With modern surgical techniques, pregnancy and breastfeeding experience are not influenced by augmentation mammoplasty, irrespective of the surgical approach used. 5 Postsurgery, galactorrhea was previously described with the conclusion that this event did not anticipate any future morbidity to the woman.6,7
The overall prevalence of women with breast implants in the United States was 8.08:1000 in 1995 8 with a rise of 39% in surgeries performed between 2000 and 2010 to an estimated prevalence of 4.93% of women at any age with 5,083,717 implants reported to be sold and an average age of 34 years at the time of operation. 9
Postoperative factors favoring galactorrhea after augmentation mammoplasty in nonpregnant patients were found to be the number of pregnancies, a history of recent and extensive nursing, and the intake of certain medications such as an estrogen-progestative pill. 10 In 69% of reported cases, the women were found to have hyperprolactinemia.

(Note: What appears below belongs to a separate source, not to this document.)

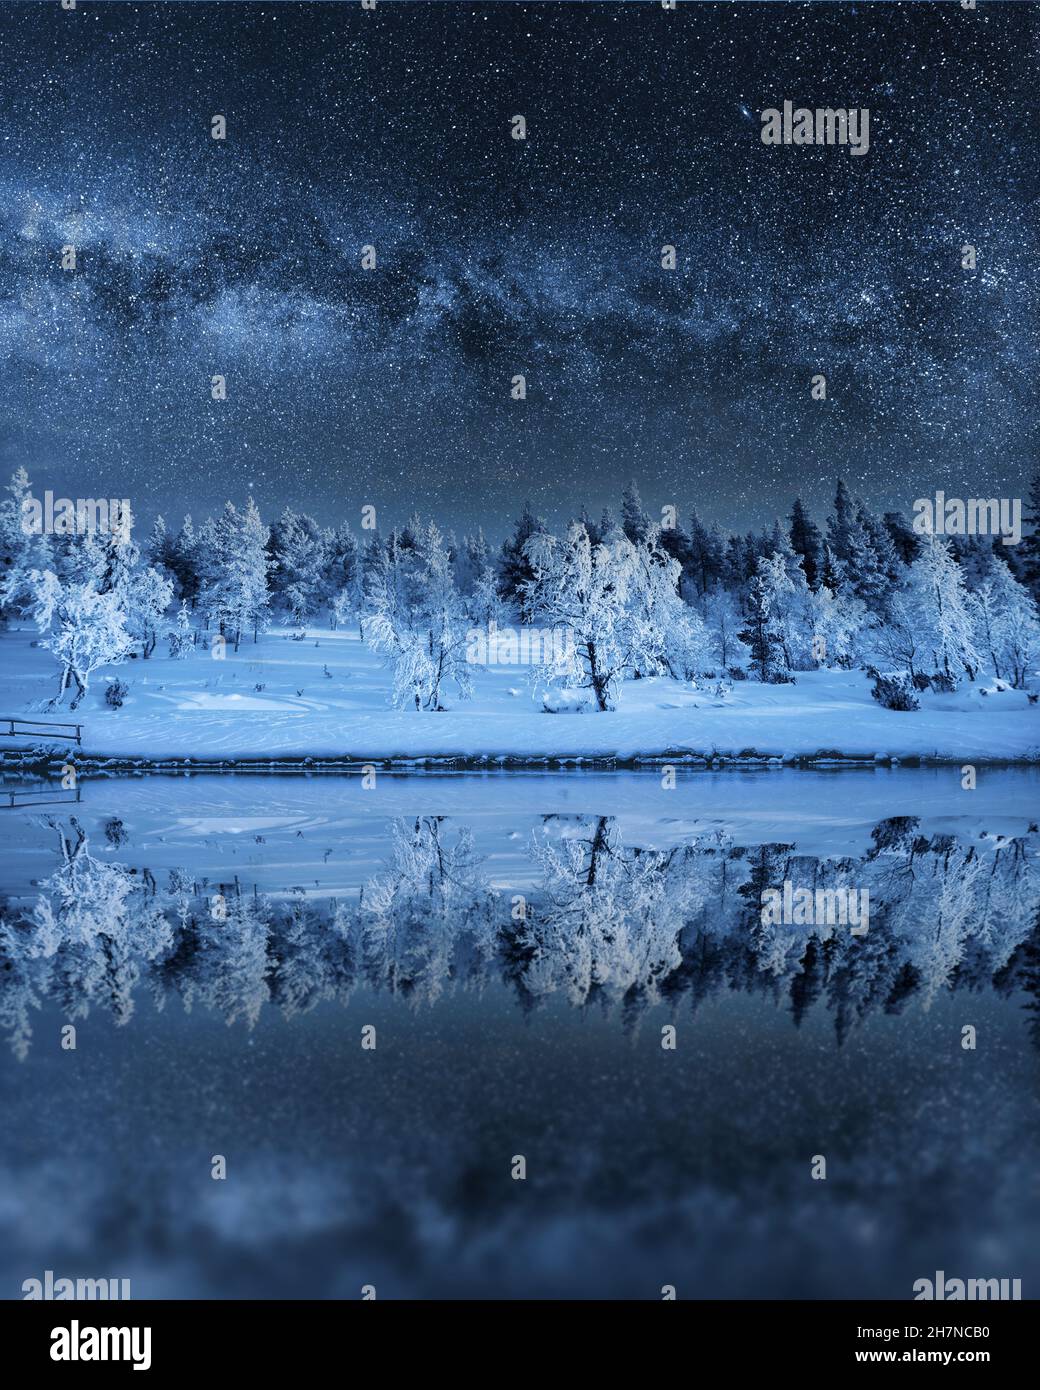 Notte invernale fata. Paesaggio con la via lattiginosa e gli alberi nevosi che si riflettono in una notte di lago in inverno. Foto Stock

Yang et al. 1 describe galactorrhea and galactocele formation after augmentation mammoplasty in a woman during the 3rd trimester of pregnancy who was also unable to breastfeed. The authors assume that the presence of a large foreign body (i.e., silicone implants) may risk formation of fluid collection around the implant causing chronic congestion of lactiferous tissue that can lead to histologic changes in the mammary gland, which may progress to granulomatous lobular mastitis or areas of mammary gland necrosis. 1
Interpretation of the this should be made with caution since massive engorgement attributable to blockage of milk secretion is unusual, infrequently encountered postoperatively, and that hormonal effects causing such complication are “rarely seen,” yet the association of a structural distortion of breast tissue and the effect of betamethasone may be harmonious and contribute to the clinical presentation.
Additional studies on the exact mechanism of breast engorgement and galactorrhea after corticosteroid therapy in pregnant women having breast implants are needed mainly due to increasing popularity of augmentation mammoplasty among reproductive age women.
Footnotes
Ethical Approval
This study was approved by the local ethics committee.
Disclosure Statement
No competing financial interests exist.